Son Excellence Yossi Gal (ambassadeur d'Israel), Paul Schaffer, Madame Simone Veil, Général Georgelin (chancelier)

Paris, Hôtel de Salm - 19 mars 2013

Monsieur le grand Chancelier de l’Ordre de la Légion d’Honneur,
Madame le Ministre d’Etat
Madame le Ministre
Messieurs les Ambassadeurs,
Monsieur Le Maire,
Messieurs les Grands Rabbins,
Mesdames et Messieurs les Présidents des diverses Associations,
Chers camarades rescapés,
Chers amis,      
Je souhaite à présent,  mon Général, vous remercier à plusieurs titres.
D’abord, bien sûr, pour avoir décidé de me promouvoir au grade d’Officier dans l’Ordre de la Légion d’Honneur.

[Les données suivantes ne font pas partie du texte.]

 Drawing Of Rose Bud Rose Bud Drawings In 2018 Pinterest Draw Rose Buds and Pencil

Ensuite, pour avoir accepté de me remettre personnellement les insignes du grade.
Enfin, parce que vous avez relaté avec une grande sensibilité mon parcours.
Merci aussi d’avoir accueilli mes invités dans ces lieux imposants, chargés d’histoire, et où l’on n’entre qu’avec respect et émotion.

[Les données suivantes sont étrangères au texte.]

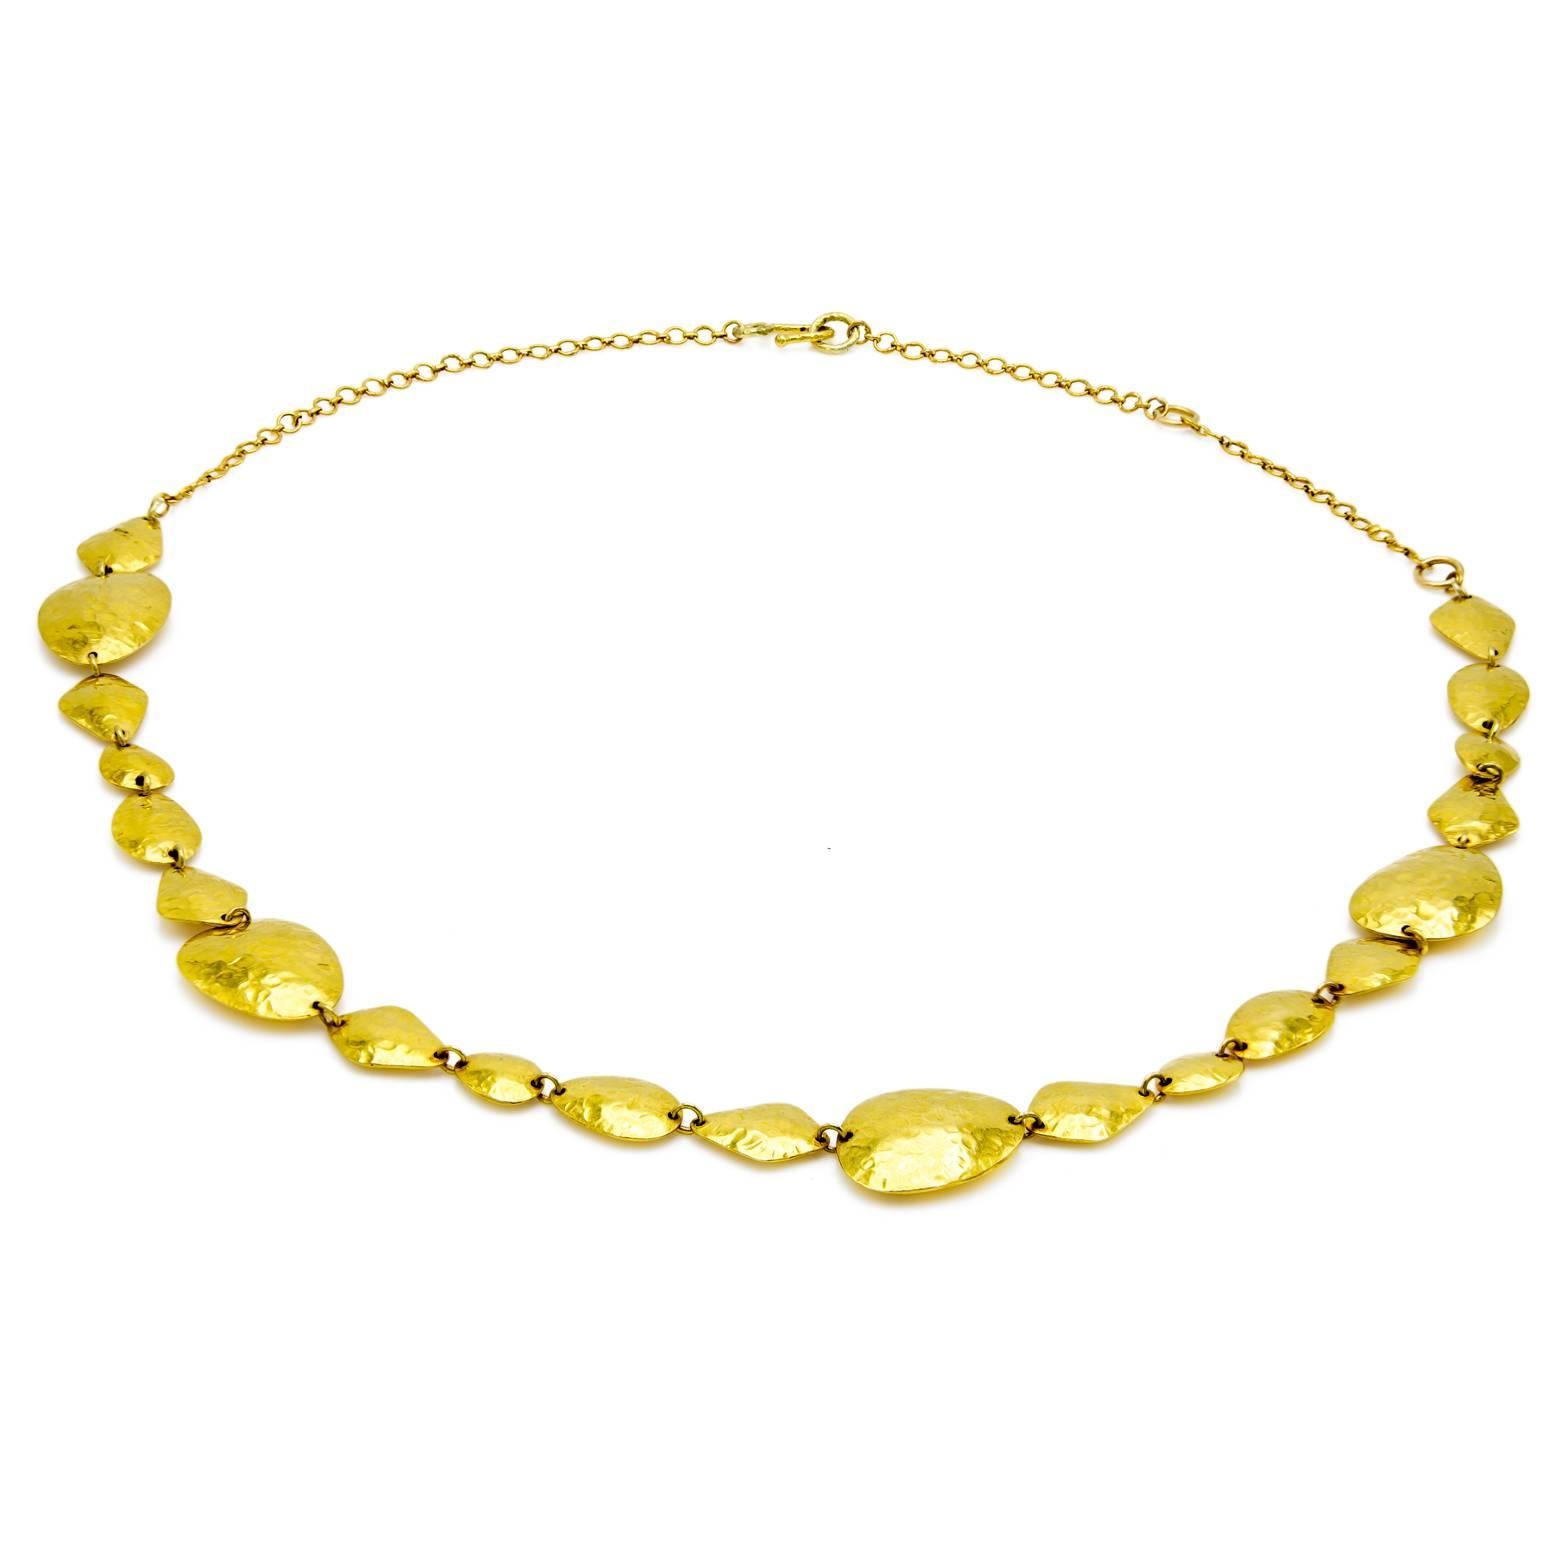 Modern Architectual Gold Necklace with Various Shapes of Hammered Gold Links

Ma joie n’aurait pas été complète si je n’avais à mes cotés, en ce moment exceptionnel, Simone, mon amie de toujours, ma compagne de déportation.
 
Qui aurait osé imaginer, il y a soixante-huit ans, lors de la « Marche de la mort », quand nous étions des milliers de morts-vivants à nous trainer sur les routes enneigées d’Allemagne, qui aurait imaginé, qu’un tel honneur serait un jour accordé par la République à ceux d’entre nous, qui par miracle ont survécu et ont encore pu offrir leurs services à la société ?.
 
En pénétrant dans ces lieux pour y être honoré, permettez-moi, Monsieur le Grand Chancelier, de redire les mots très émouvants prononcés par Jean d’Ormesson quand il accueillit Madame Simone Veil sous la Coupole de l’Académie :
 
«  Je pense, dit-il,  avec émotion, à tous ceux et toutes celles qui ont connu l’horreur des camps de concentration ; le souvenir de tous entre  ici  avec vous ».
 
Dans le même esprit, entouré ici de mes camarades, rescapés comme moi, je souhaite, à mon tour, la présence, même chimérique, de nos Martyrs.
Je veux partager avec chacun d’eux, une part de l’honneur qui m’échoit et leur permettre de retrouver, au-delà des années, la reconnaissance de leur dignité, de leur humanité, dont ils ont été si cruellement dépouillés.
 
Nous, les survivants, ne les avons  jamais oubliés, car « ne meurent définitivement que ceux dont on ne parle plus » !
 
Il nous a fallu parfois du temps pour raconter.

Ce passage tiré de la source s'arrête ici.